Progress today aims to put Labour’s achievements in office at the heart of the party’s debate over its future with a plain-speaking pamphlet published to mark the 20th anniversary of the landslide victory under Tony Blair.
The “modernisers'” pressure group has amassed a series of prominent ex-ministers, including former ex-home secretary Jacqui Smith, to mount a sustained defence of Labour’s 13 years in power.
Record highlights a series of landmark Labour achievements, such as investment in the NHS, action on child poverty, peace in Northern Ireland and the introduction of tax credits and the national minimum wage, as well as warning of the impact of “successive” leaders who have failed to defend the party’s record.

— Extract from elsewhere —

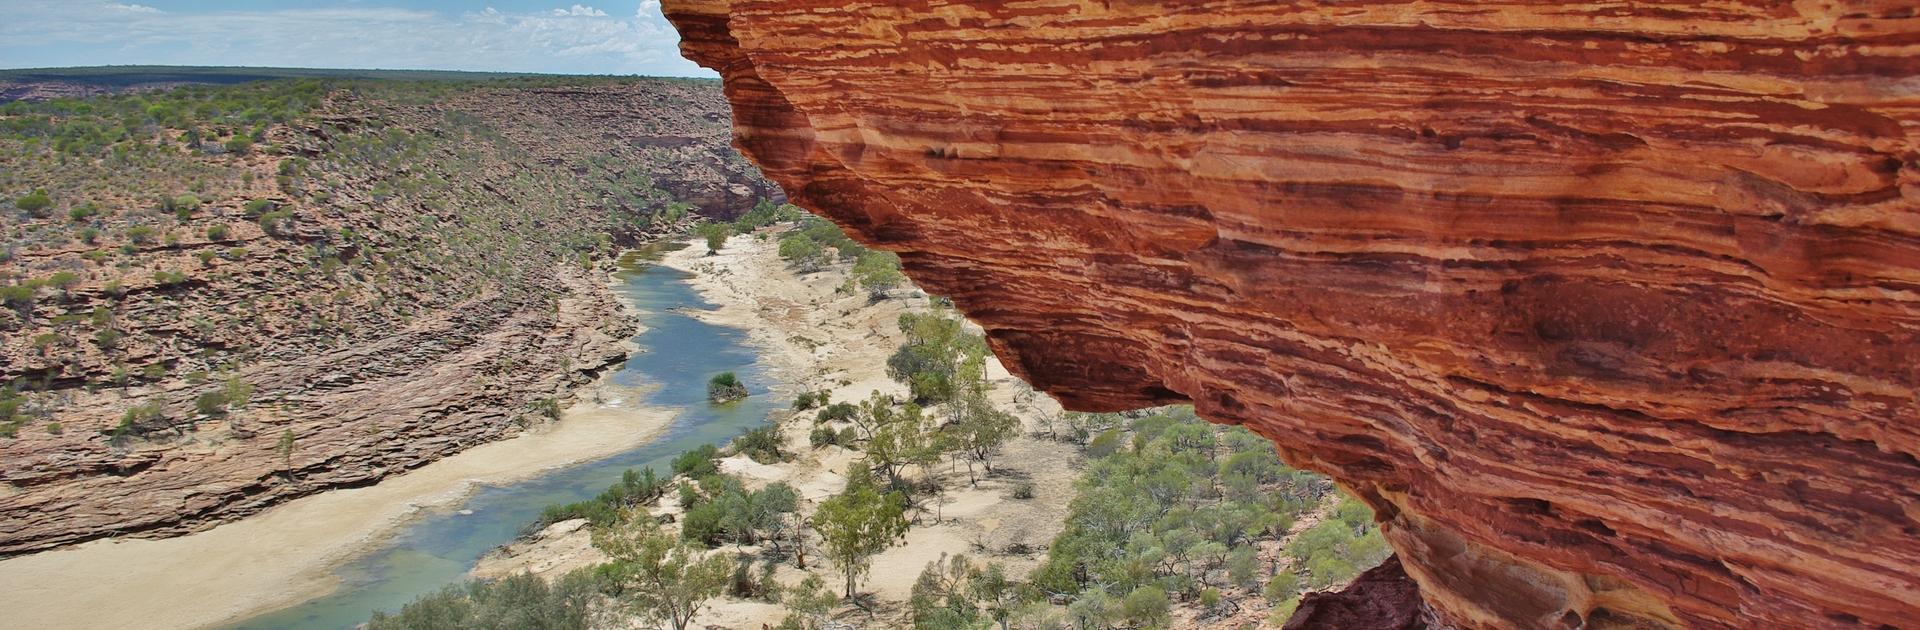 Ferruginous sandstone, Australia

It also delivers an “audit” of Labour’s reforms at a time when Jeremy Corbyn has won two leadership elections on the back of a critique of Blairism and after five years in which Ed Miliband sought to distance himself from New Labour.
In a lengthy editorial it quotes from the former prime minister, who has fought back against Corbyn’s attack on his economic record, and says: “As Blair himself says, the idea that New Labour was ‘some neo-liberal government’ does not stand up to scrutiny: record investment in the National Health Service, a national minimum wage, civil partnerships, millions lifted out of poverty, doubling the aid and education budgets, the Human Rights Act, Sure Start, the Good Friday agreement, a record fall in homelessness.
“It was a government that every social democrat should be proud of. ‘That’s not a betrayal of principles, it’s the implementation of it’ [Blair added].”
The pamphlet also carries pieces from Stephen Twigg, the former education minister, Kitty Ussher, ex-City minister, and Dame Anne Begg, a former MP and highly-regarded disability campaigner.
“To be modernising, forward-looking and, yes, new, Labour must start rejecting the analysis that says it wasted its time in office. Instead, we should say that Labour government was good, and the next one will be better. This is our record, let us build on it,” concludes the final editorial.